The first developer preview of Android 13 is here

Deepak Gupta February 10, 2022
Updated 2022/02/10 at 9:43 PM

Superstition schmuperstition. Google is revealing the first developer preview of Android 13 today and it is clear that the company will not avoid the “bad luck” number. After all, Apple made a lot of money with the iPhone 13s. The Android 13 preview is a glimpse of what we can expect from the next generation of Google’s mobile operating system, and developers can test their apps using the Android emulator or by displaying a system image for the latest Pixel 4 or Pixel phones. Based on today’s announcement, it looks like we can expect the next version of Android to at least offer more refined privacy controls and more of Android 12’s Material You system-wide.

One of the things this preview brings is a new system photo picker, which can allow you to share specific local or cloud-based photos more securely. It builds on the existing document picker function, allowing you to share specific files with an app without having to grant permission to all media files on your device. The updated photo picker “extends this feature with a dedicated experience for picking photos and videos,” wrote Google vice president of engineering Dave Burke in an announcement post. Developers will need to use the Photo Picker APIs to enable this feature.

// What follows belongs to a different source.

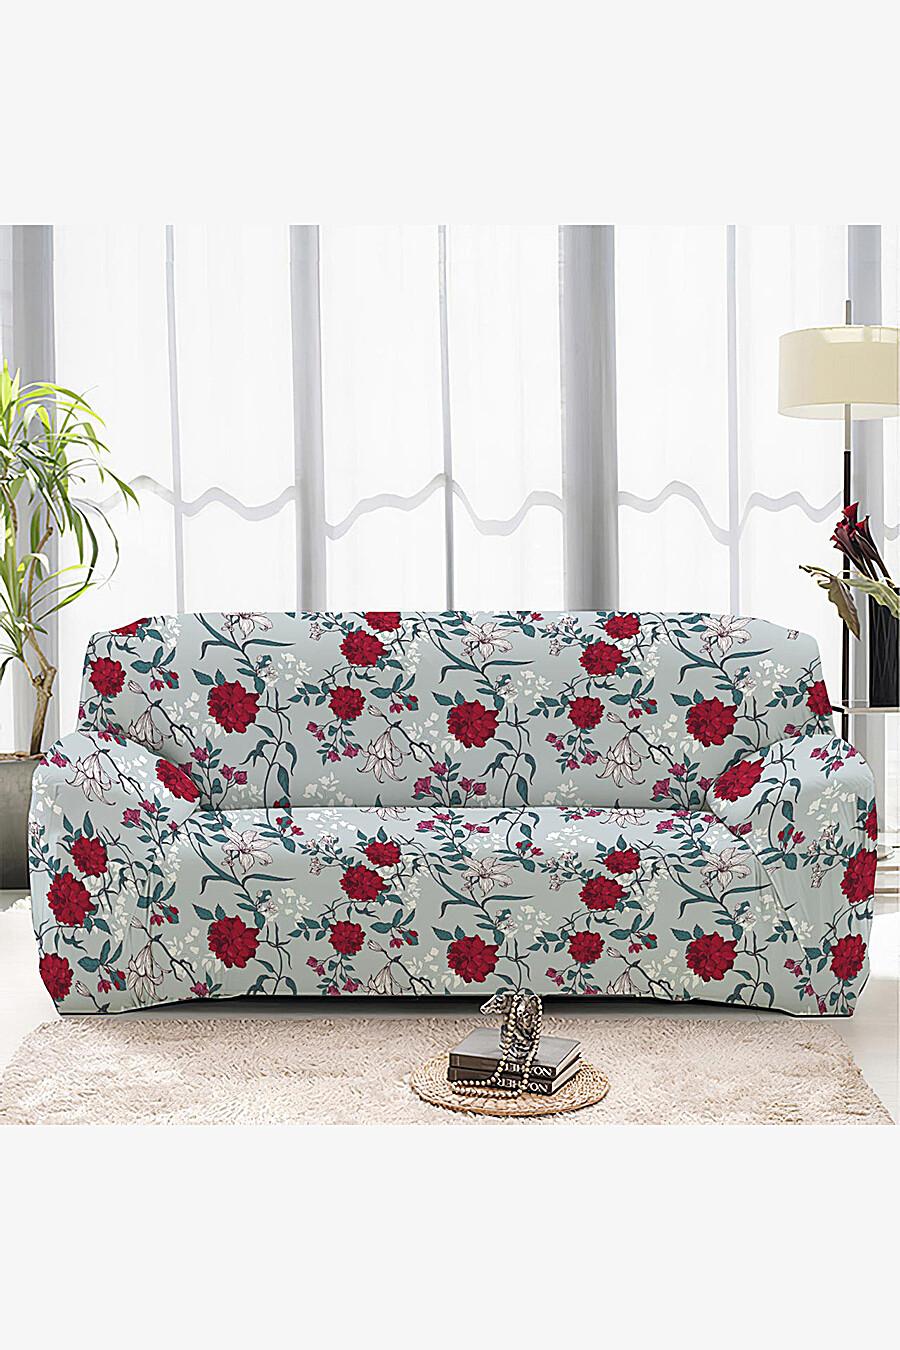 Чехол на диван для дома ART HOME TEXTILE 162918 купить оптом от производителя. Совместная покупка товаров для дома в OptMoyo

An animation showing the new photo picker in Android 13.

Google

Android 13 also adds a “nearby WiFi devices” permission, which will be required for apps looking for available WiFi devices around you. This will allow them to “discover and connect to nearby devices over Wi-Fi without needing location permission”. It should allow apps that need to find WiFi devices in the area that don’t need to know where you are to connect without requesting access to your GPS, which is better for your privacy.

Google is also expanding the Material You adaptive color palette beyond its own apps to all app icons. You can choose to have the system apply the colors generated from your wallpaper to your icons. Developers will need to upload monochrome versions of their app icons and tweak some code. This feature will roll out first on Pixels and Burke said that “we are working with our device manufacturer partners to bring them to more devices.”

The Developer Preview also offers a new block placement API that allows developers to prompt users to add their custom blocks to the Quick Settings panel in the notification tab. With this, users don’t have to hunt these app-specific shortcuts by editing the Quick Settings shadow, and they won’t have to exit the app

A chart showing the Android 13 release schedule.

Google

Other features in this developer preview include a way for apps to more easily set a language other than the system default, improved animations and effects, and more feature updates via Google Play. The latter will allow Google to “push new features like the photo picker… directly to users on older versions of Android”. Burke also praised Android 12L and devices of various screen sizes and form factors, saying, “We will also develop some of the newest updates we made in 12L to help you take advantage of the more than 250 million large-screen Android devices currently running.”

Google also shared a release schedule that shows the first beta release is expected around April, with platform stability expected in June through July. This is in line with how previous versions of Android were released, and we will likely continue to hear about Android 13 in the coming months.